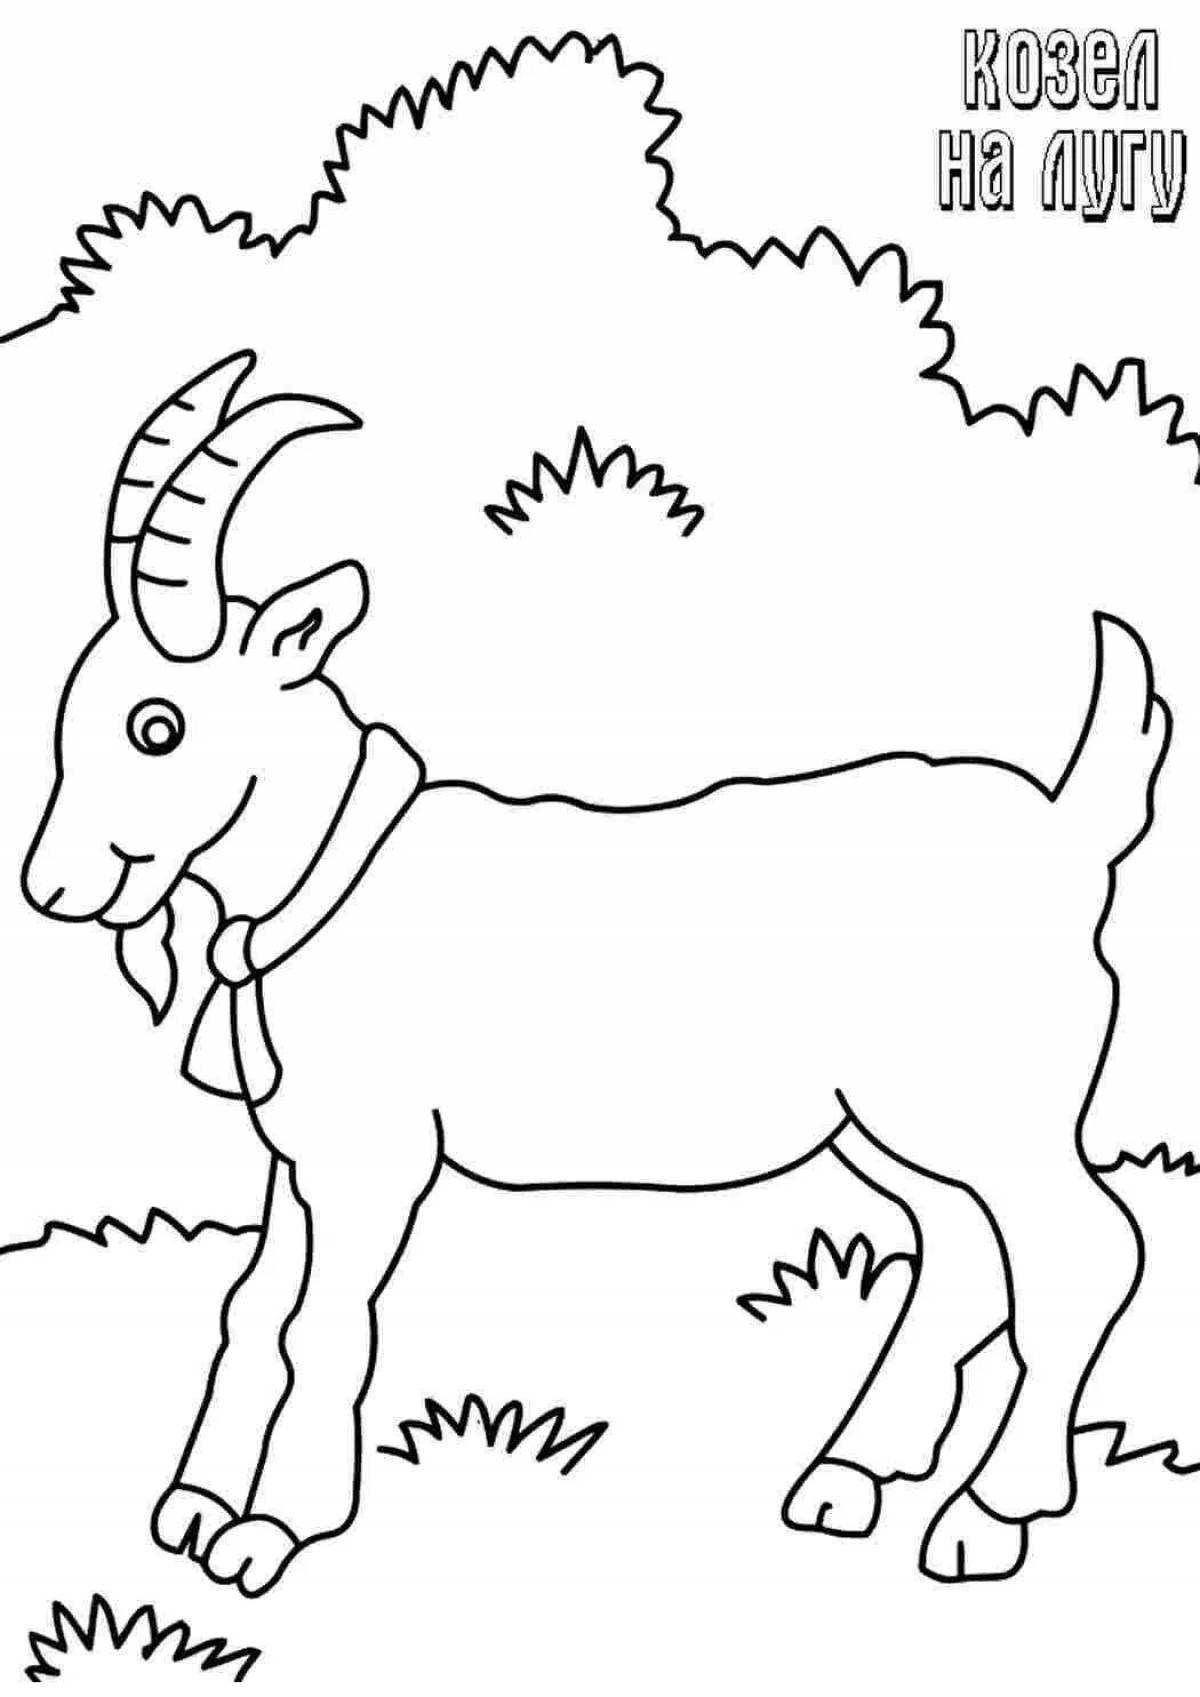 Увлекательная раскраска с козой для детей 5-6 лет
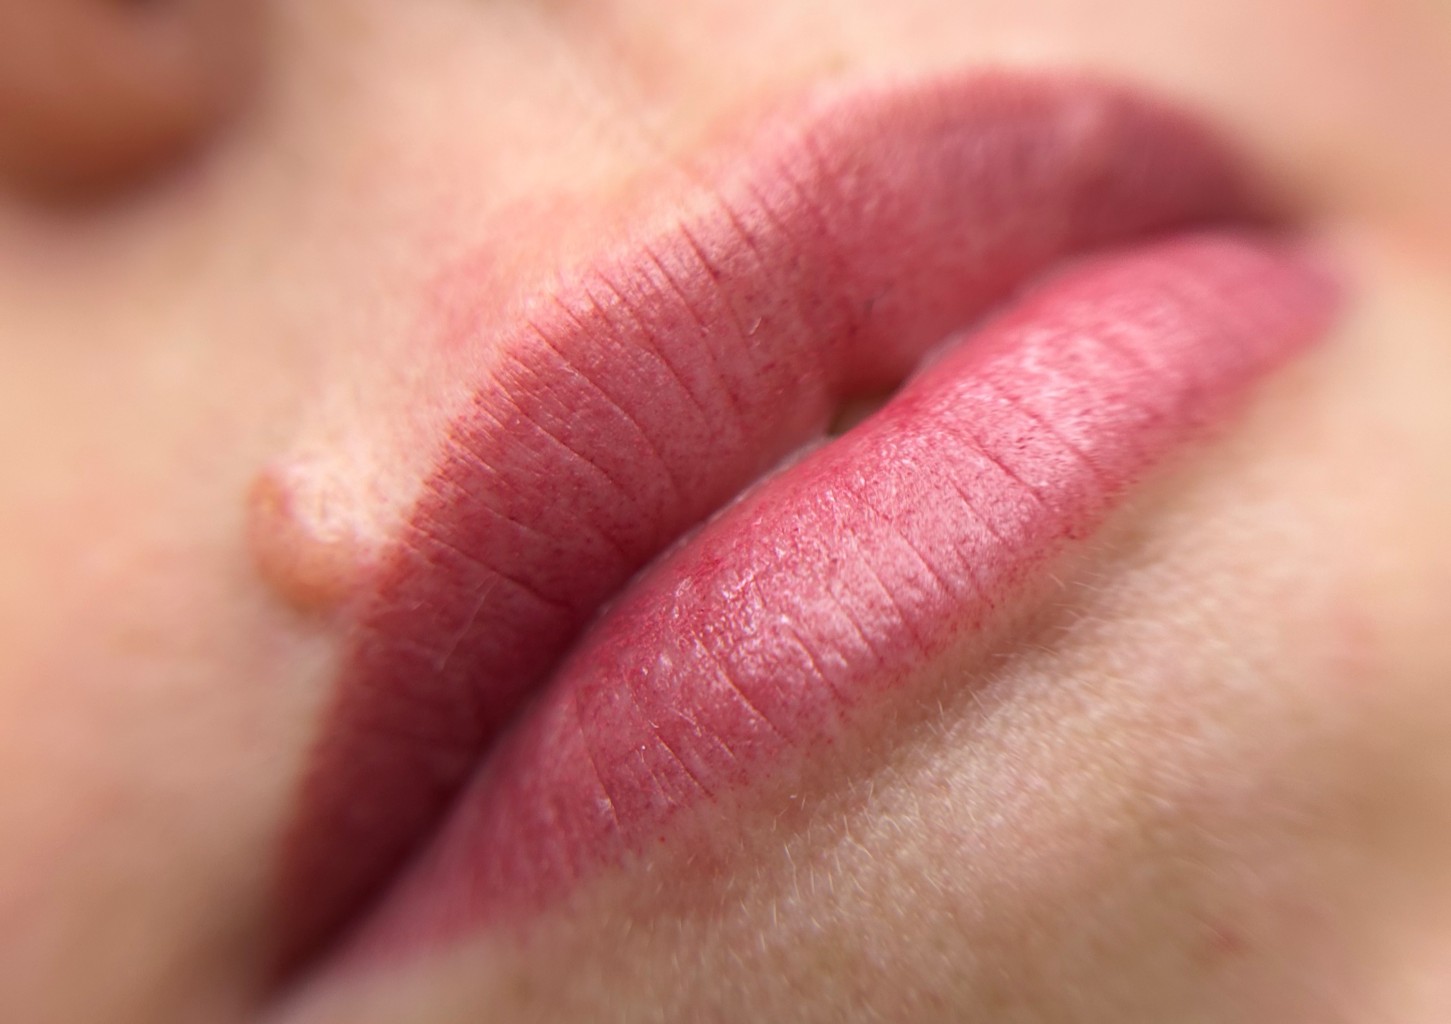 Подчеркните свою красоту перманентным макияжем – акварельный татуаж губ
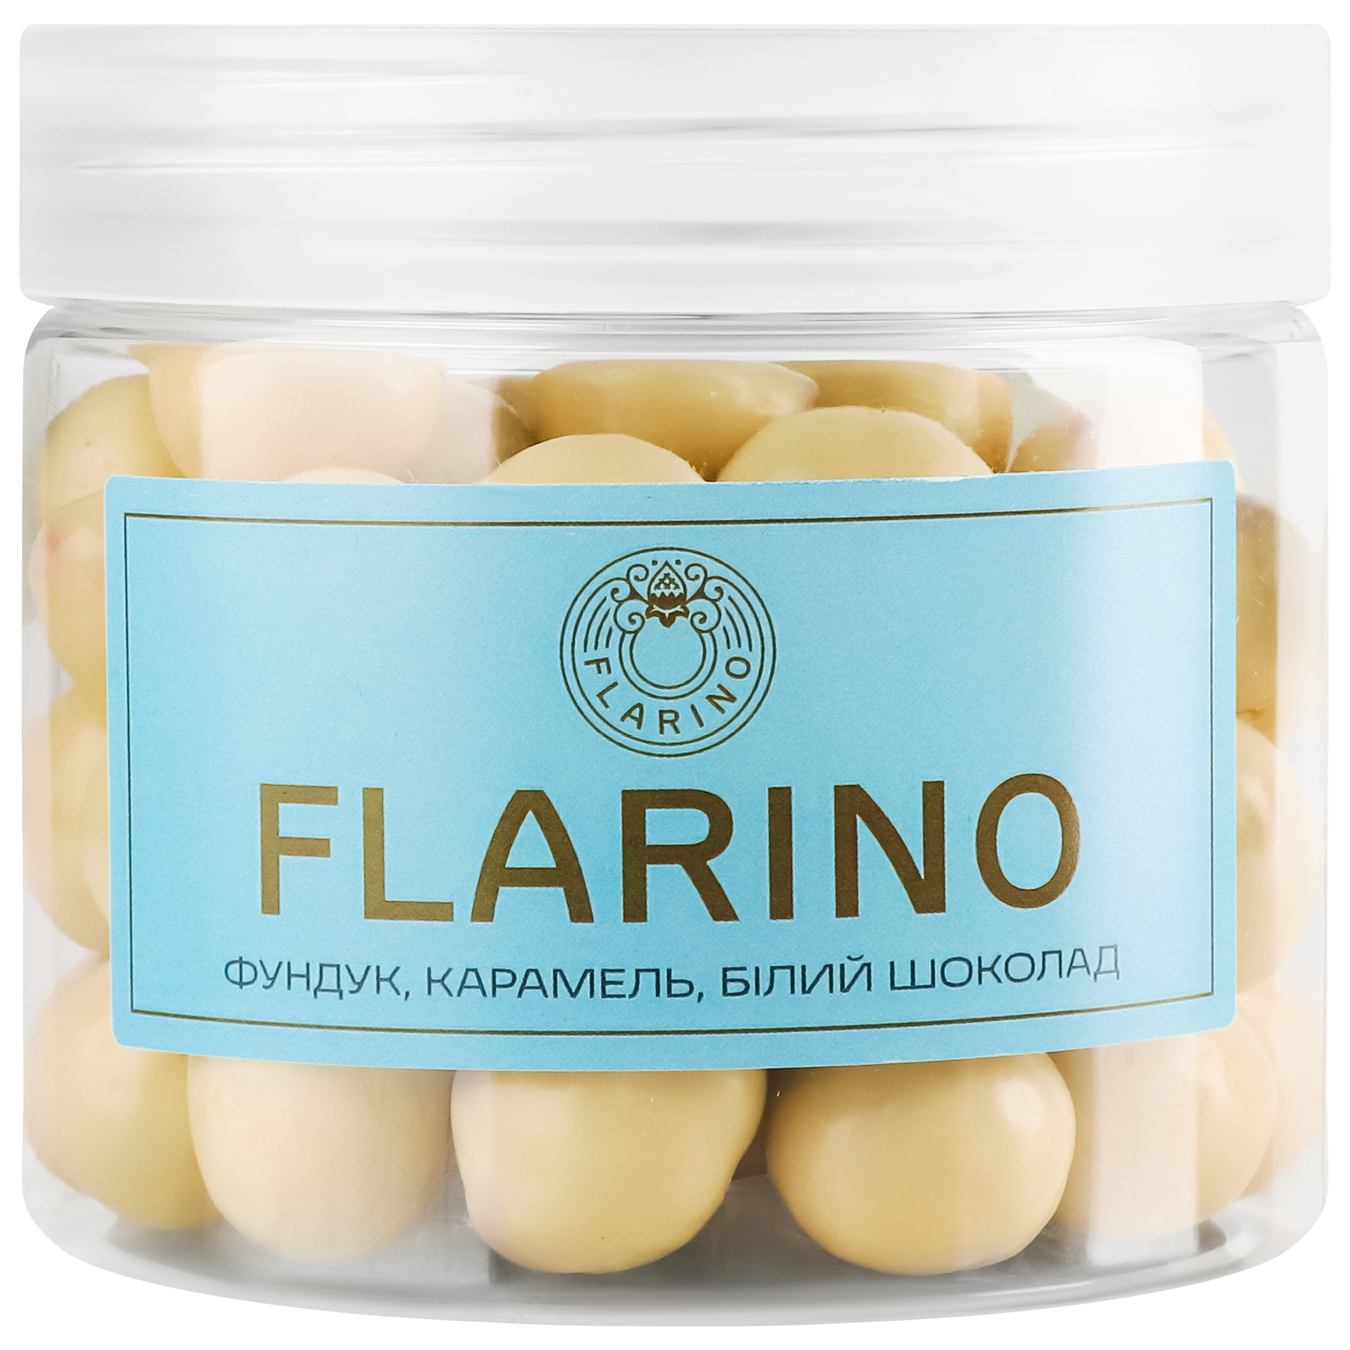 Фундук Flarino в карамеле покрыт белым шоколадом 180г.

..............................

Transcribe the whole listing exactly as it stands, apart from the pictures.

 Увлекательная раскраска с козой для детей 5-6 лет
 Подчеркните свою красоту перманентным макияжем – акварельный татуаж губ
 Фундук Flarino в карамеле покрыт белым шоколадом 180г.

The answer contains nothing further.